The stucco king was a pain-in-the-ass, ten-cent millionaire who wore Hawaiian shirts every day of his life and who insisted on picking up every check, in an effort to win friends or to lord his somewhat debatable wealth over others. He brought along two buddies, and they teamed up and played four-man Nassau for a hundred dollars a side. Dock wasn’t interested in the golf or the networking or even being there for that matter, so of course he shot lights out and he and his partner—a fat flooring distributor who smoked a cigarette a hole and two on the par fives—won all of the cash.

They had a beer in the clubhouse afterward. When the stucco king started to complain about Phil McMurter’s overdue accounts, Dock said he had to go.

Driving home, he decided on a whim to swing by the old place. He turned onto the river road south of town and wound his way north, following the meandering stream until he reached the cedar-lined lane leading to the house where he had grown up.

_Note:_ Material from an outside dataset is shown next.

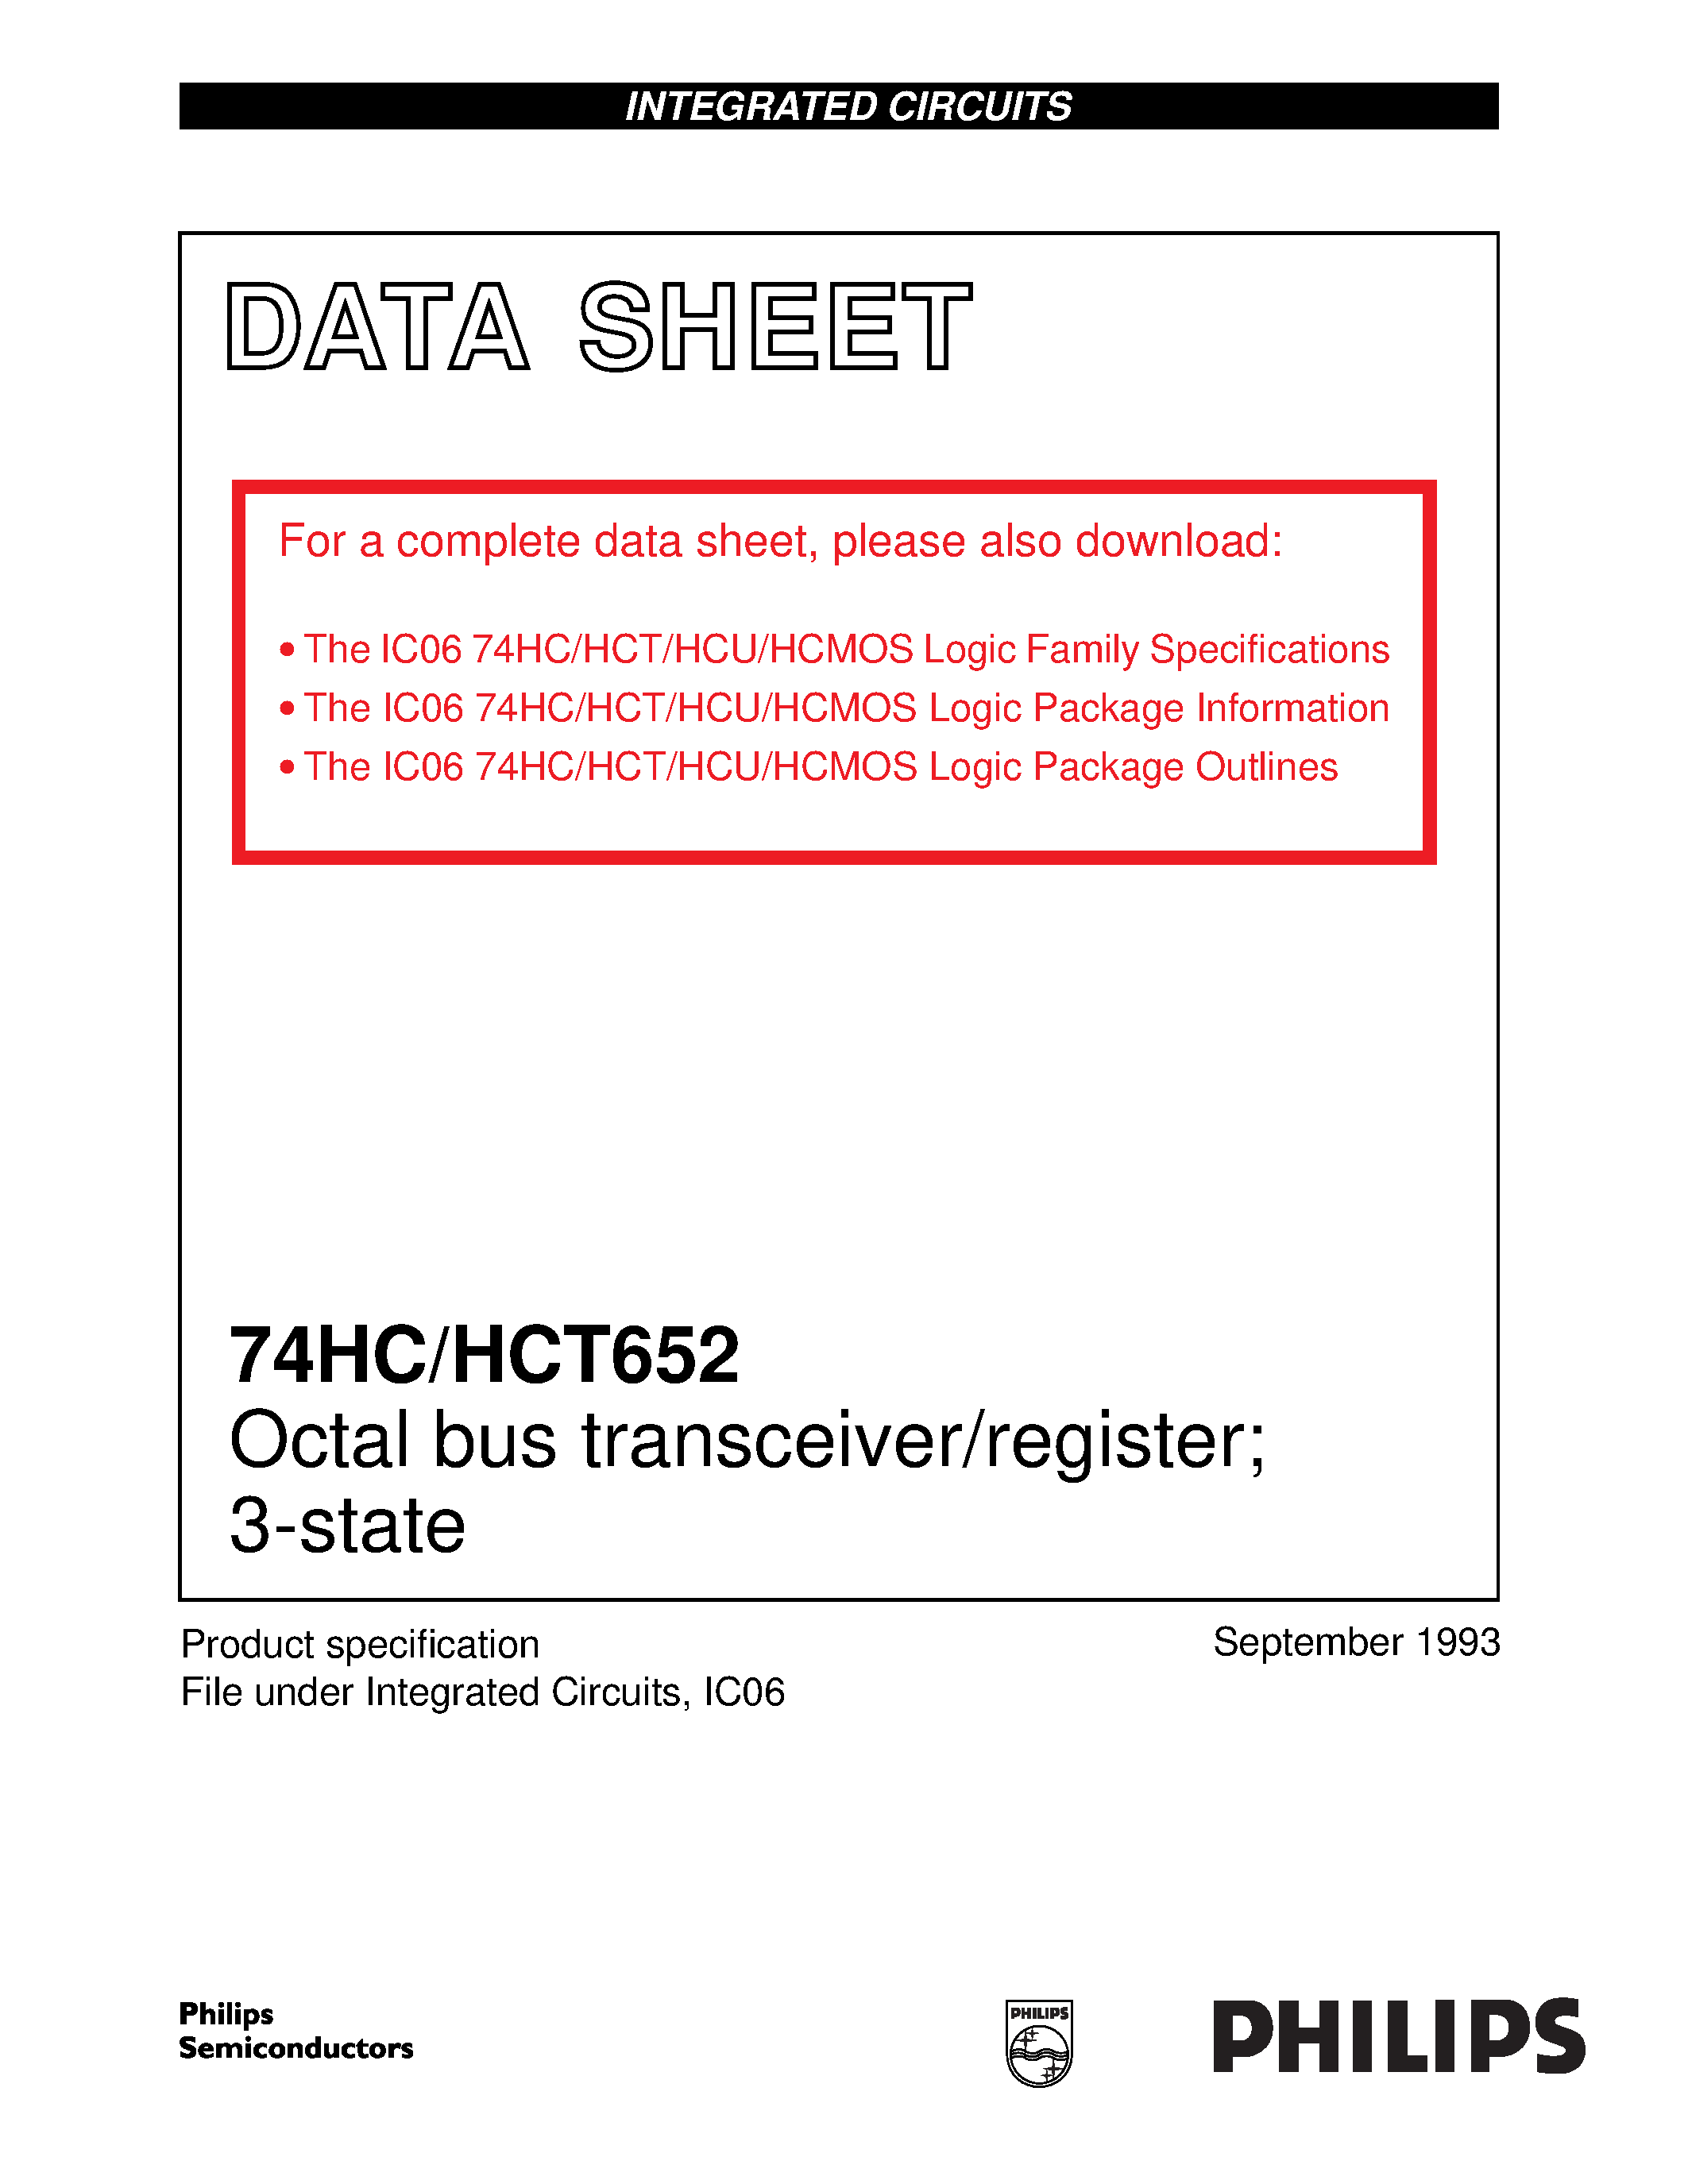 Даташит 74HCT652D - Octal bus transceiver/register; 3-state страница 1

It had been a good place to grow up. As a boy, he’d enjoyed a Huckleberry Finn existence, living on the shore of the shallow river, building rafts and catching turtles and fishing the deep holes his father had shown him. The family—there was just Dock and his parents—had lived in a two-story frame house on a rise above the river. Dock’s father had a workshop alongside the house, where he kept his tools and also the table saws, lathes, planers, bandsaws, and countless other tools that he—and later Dock—used in the trade.

The house now belonged to strangers. Dock’s father had sold it the previous year, and moved into a town house. The relocation may have contributed to his sudden death as Dock couldn’t imagine his father in such surroundings, without his tools, his garden, his plank rowboat. Not to mention his purpose. It was, of course, all speculation on Dock’s part and that’s all it would ever be.

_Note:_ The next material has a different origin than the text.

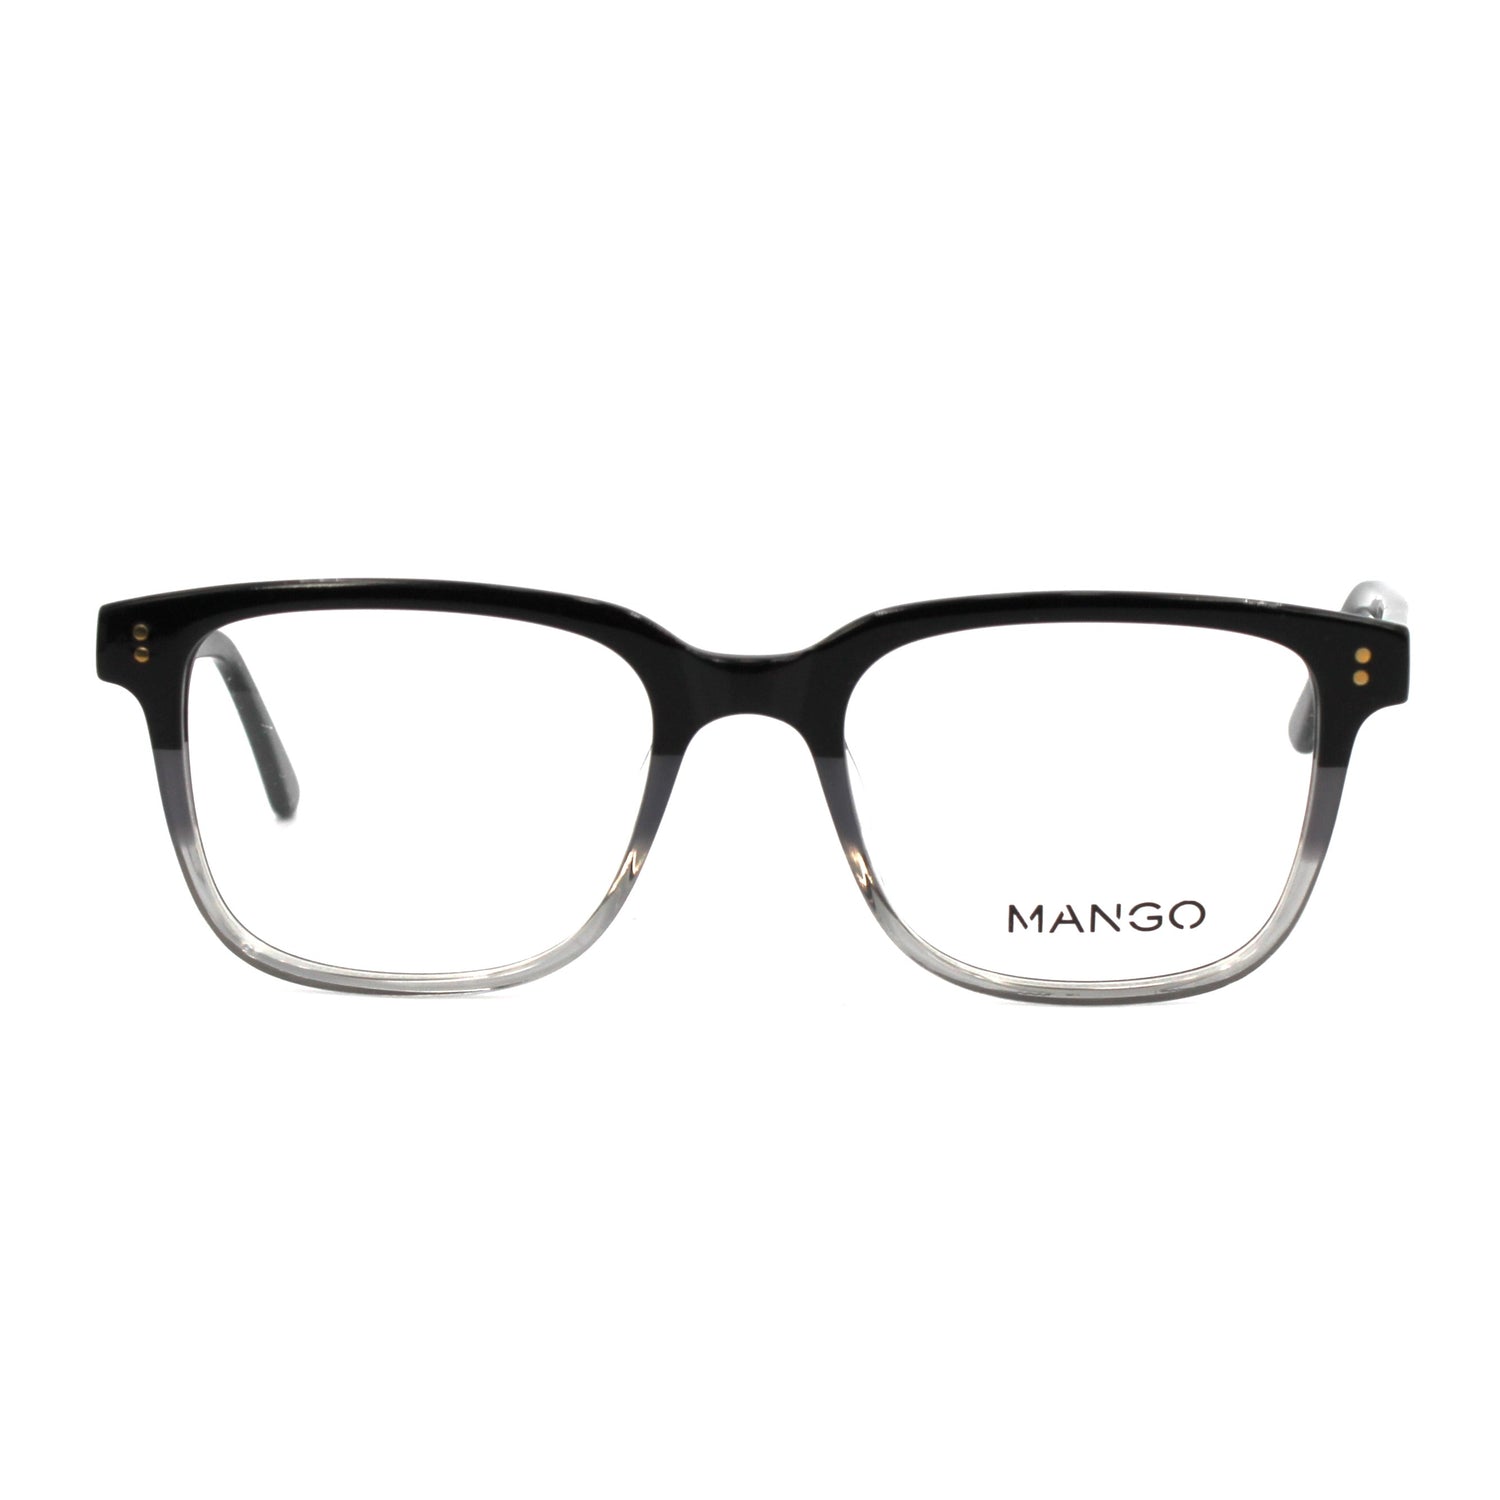 Montatura per occhiali MANGO | Modello MNG186411

Now he turned onto the lane, crested the rise, and saw his childhood home—the home where he’d learn to walk and to talk and to read and write, the home where he had begun to learn the difference between right and wrong (although lately that line had become a little blurred)—lying scattered on the ground, flat as the proverbial pancake. The bulldozer responsible for the flattening was still at it, pushing the debris that had so recently been a home into a large pile of sticks and bricks, broken windows and doors. Dock, nearly driving into a ditch, slammed on the brakes and just sat there for a time.

When he drove over to the wreckage, the dozer operator was locking the cab. Dock recognized the man when he turned around.

“Charlie—what the fuck?”

“Hey, Dock.” Charlie jumped to the ground. “Ain’t this a corker?”

Dock stood with his arms out. “What happened?”

Charlie pointed his chin to the property to the east, where an ugly but supposedly palatial mansion had gone up a year previously. The house was a full three stories and the grounds covered four acres of land, complete with Greek fountains and ivy-covered stone walls and rock gardens. The owners were a computer programmer from Albany and his wife, a former flight attendant.

“It was blocking their view,” Charlie said.

“What?”

“They couldn’t see the sun set over the river from their balcony. So they bought it and hired us to tear it down.”

“Sonofabitch.”

“Ain’t it?”

Dock walked around the house, kicked halfheartedly at what was left of his childhood, and then stood there.

“You know, Dock,” Charlie said. “I always kinda wondered why you never bought the place from your old man.”

Dock knelt down and extracted an ancient square nail from a collapsed doorjamb. The nail, despite its age, was in perfect condition. “I never knew he was selling. We didn’t talk—I don’t know—the last couple years. More like three or four, now that I think about it.”

“Since you left the business?”

Dock nodded and put the nail in his shirt pocket.

“Funny thing,” Charlie said then. “The owners came down when I got here earlier. Said that now they were thinking of buying some horses, putting a barn up right here on this spot.”

“How they gonna see the sun set then?”

“I was wondering that myself,” Charlie said. “Maybe they’ll build the barn out of glass.”